Returning follow-up tasks

sample_complete and task_complete fire as work completes. Besides observing results, they can return tasks to add to the run, which run after the current batch. sample_complete also receives the Task the sample ran under (the sample alone doesn’t identify its task):

class Curriculum(TaskSource):
    def initial_tasks(self) -> list[Task]:
        return [easy_task()]

    async def task_complete(self, log: EvalLog) -> list[Task] | None:
        # advance only if the model passed
        accuracy = log.results.scores[0].metrics["accuracy"].value
        if accuracy >= 0.8:
            return [harder_task()]
        return None

A source that returns follow-ups from these callbacks needs no next_tasks(): the run ends when the callbacks return nothing and next_tasks() returns None. Use next_tasks() for the blocking case a per-result callback can’t express.

Sources from callbacks

TaskSource.from_tasks() builds a source from a seed and optional callbacks, without subclassing:

from inspect_ai import TaskSource

scores: list[float] = []

async def on_task(log):
    scores.append(log.results.scores[0].metrics["accuracy"].value)
    return [next_task()] if sum(scores) / len(scores) < 0.9 else None

source = TaskSource.from_tasks([seed_task()], task_complete=on_task)
eval(source, model="openai/gpt-4o")

from_tasks(initial_tasks, *, next_tasks=None, sample_complete=None, task_complete=None) delegates to the callables. Omitting next_tasks and returning nothing from the callbacks stops after the seed.

The @task_source decorator

@task_source registers a named, parameterized source, like @task:

from inspect_ai import TaskSource, task_source


@task_source(name="curriculum")
def curriculum(target: float = 0.8) -> TaskSource:
    async def advance(log):
        accuracy = log.results.scores[0].metrics["accuracy"].value
        return [harder_task()] if accuracy >= target else None

    return TaskSource.from_tasks([easy_task()], task_complete=advance)

Run it from the CLI like a task, including -T arguments and a file.py@name spec:

inspect eval curriculum.py@curriculum -T target=0.9 --model openai/gpt-4o

eval() accepts a TaskSource instance, a @task_source function, a registered name, or a file.py@name spec.

Adding tasks imperatively

enqueue_task() adds tasks to the current run from any code — a solver, scorer, or tool — not only a TaskSource:

from inspect_ai import enqueue_task
from inspect_ai.solver import Generate, TaskState, solver


@solver
def spawn_followup():
    async def solve(state: TaskState, generate: Generate) -> TaskState:
        enqueue_task(followup_task())
        return state

    return solve

Enqueued tasks run under the current run id, resolved against the run’s models and config, and share a buffer with tasks returned from sample_complete / task_complete. enqueue_task() raises if no eval is running.

Concurrency

A TaskSource run is live: a task added mid-run starts as soon as there is free capacity, rather than waiting for a batch boundary.
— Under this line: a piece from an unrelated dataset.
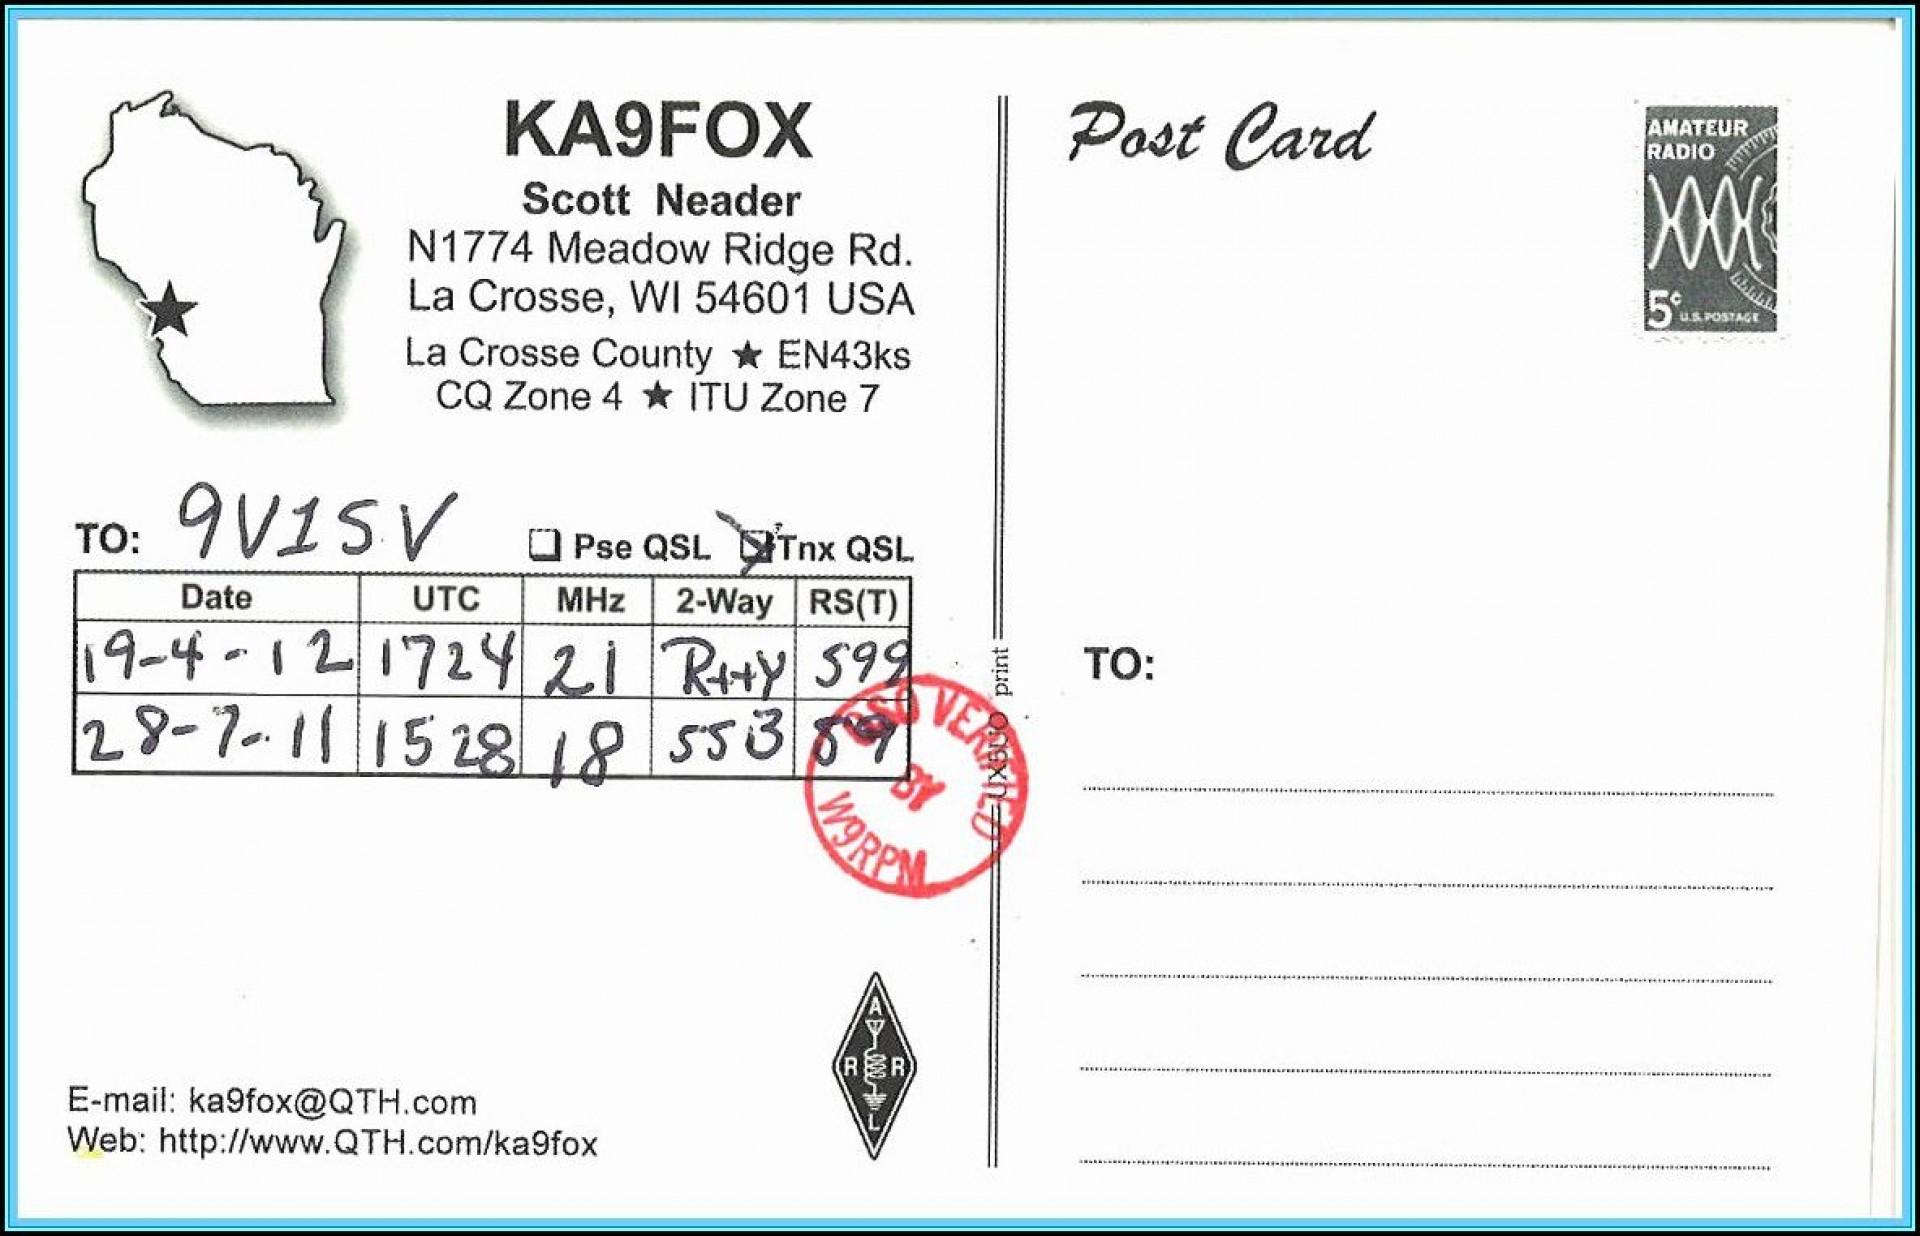 009 Unusual 3x5 Index Card Template For Mac Idea 1920

Capacity is bounded by max_tasks (the number of concurrent task × model units). If the seed fills every slot, a follow-up waits until a slot frees, so to run follow-ups alongside the seed, set max_tasks above the number of seed units. A seed of two tasks across two models is four units, so --max-tasks 6 leaves room:

inspect eval curriculum.py@curriculum --max-tasks 6 --model openai/gpt-4o,openai/gpt-4o-mini

With the default max_tasks (the model count), follow-ups run after a seed task finishes rather than alongside it. See Parallelism for more on max_tasks.